#### Work request
Transcribe only part of the material below: the lines from the one containing "Symbolbild Tod und" through the one containing "Dinosaur footprints on", inclusive, exactly as written.

#### Recorded data
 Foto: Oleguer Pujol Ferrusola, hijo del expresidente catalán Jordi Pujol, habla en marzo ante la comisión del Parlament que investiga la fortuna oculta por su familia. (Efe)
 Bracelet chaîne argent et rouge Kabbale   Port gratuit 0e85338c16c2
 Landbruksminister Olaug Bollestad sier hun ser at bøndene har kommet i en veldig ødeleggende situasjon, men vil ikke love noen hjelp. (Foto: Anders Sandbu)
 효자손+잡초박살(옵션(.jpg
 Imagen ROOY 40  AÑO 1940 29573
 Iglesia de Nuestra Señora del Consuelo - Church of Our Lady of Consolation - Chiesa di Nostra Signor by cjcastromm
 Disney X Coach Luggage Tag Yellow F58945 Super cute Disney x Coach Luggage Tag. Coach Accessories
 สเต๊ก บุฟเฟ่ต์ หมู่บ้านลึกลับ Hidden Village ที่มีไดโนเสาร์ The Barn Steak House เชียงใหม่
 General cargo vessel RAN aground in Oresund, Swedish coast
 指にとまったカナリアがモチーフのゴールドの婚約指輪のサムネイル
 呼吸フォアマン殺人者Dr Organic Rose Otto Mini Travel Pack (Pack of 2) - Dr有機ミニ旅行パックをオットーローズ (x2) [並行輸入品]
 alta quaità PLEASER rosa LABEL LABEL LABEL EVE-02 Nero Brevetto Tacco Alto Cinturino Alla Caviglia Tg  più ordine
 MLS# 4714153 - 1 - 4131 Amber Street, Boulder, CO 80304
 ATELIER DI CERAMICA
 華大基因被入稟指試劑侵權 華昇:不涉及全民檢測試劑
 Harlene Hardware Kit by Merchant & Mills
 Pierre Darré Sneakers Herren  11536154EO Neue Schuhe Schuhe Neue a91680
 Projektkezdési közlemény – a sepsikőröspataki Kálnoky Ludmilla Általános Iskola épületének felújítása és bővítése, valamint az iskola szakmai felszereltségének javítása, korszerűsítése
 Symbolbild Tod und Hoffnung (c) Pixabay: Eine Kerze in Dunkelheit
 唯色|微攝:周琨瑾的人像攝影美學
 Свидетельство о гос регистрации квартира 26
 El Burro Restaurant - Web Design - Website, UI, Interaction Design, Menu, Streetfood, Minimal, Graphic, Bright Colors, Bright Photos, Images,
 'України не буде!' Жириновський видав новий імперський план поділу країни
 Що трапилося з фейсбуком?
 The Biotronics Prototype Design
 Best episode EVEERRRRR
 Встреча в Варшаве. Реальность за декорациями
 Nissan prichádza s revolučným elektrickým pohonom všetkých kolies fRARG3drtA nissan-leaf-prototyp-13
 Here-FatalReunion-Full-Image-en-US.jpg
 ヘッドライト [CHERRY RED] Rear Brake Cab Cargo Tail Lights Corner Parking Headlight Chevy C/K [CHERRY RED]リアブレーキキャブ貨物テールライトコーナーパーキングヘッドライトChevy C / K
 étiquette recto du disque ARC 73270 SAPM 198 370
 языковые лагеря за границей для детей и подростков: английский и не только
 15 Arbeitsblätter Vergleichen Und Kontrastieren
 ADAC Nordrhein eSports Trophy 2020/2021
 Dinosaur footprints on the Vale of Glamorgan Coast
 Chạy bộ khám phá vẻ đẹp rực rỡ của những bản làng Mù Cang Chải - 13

#### Response area
 Symbolbild Tod und Hoffnung (c) Pixabay: Eine Kerze in Dunkelheit
 唯色|微攝:周琨瑾的人像攝影美學
 Свидетельство о гос регистрации квартира 26
 El Burro Restaurant - Web Design - Website, UI, Interaction Design, Menu, Streetfood, Minimal, Graphic, Bright Colors, Bright Photos, Images,
 'України не буде!' Жириновський видав новий імперський план поділу країни
 Що трапилося з фейсбуком?
 The Biotronics Prototype Design
 Best episode EVEERRRRR
 Встреча в Варшаве. Реальность за декорациями
 Nissan prichádza s revolučným elektrickým pohonom všetkých kolies fRARG3drtA nissan-leaf-prototyp-13
 Here-FatalReunion-Full-Image-en-US.jpg
 ヘッドライト [CHERRY RED] Rear Brake Cab Cargo Tail Lights Corner Parking Headlight Chevy C/K [CHERRY RED]リアブレーキキャブ貨物テールライトコーナーパーキングヘッドライトChevy C / K
 étiquette recto du disque ARC 73270 SAPM 198 370
 языковые лагеря за границей для детей и подростков: английский и не только
 15 Arbeitsblätter Vergleichen Und Kontrastieren
 ADAC Nordrhein eSports Trophy 2020/2021
 Dinosaur footprints on the Vale of Glamorgan Coast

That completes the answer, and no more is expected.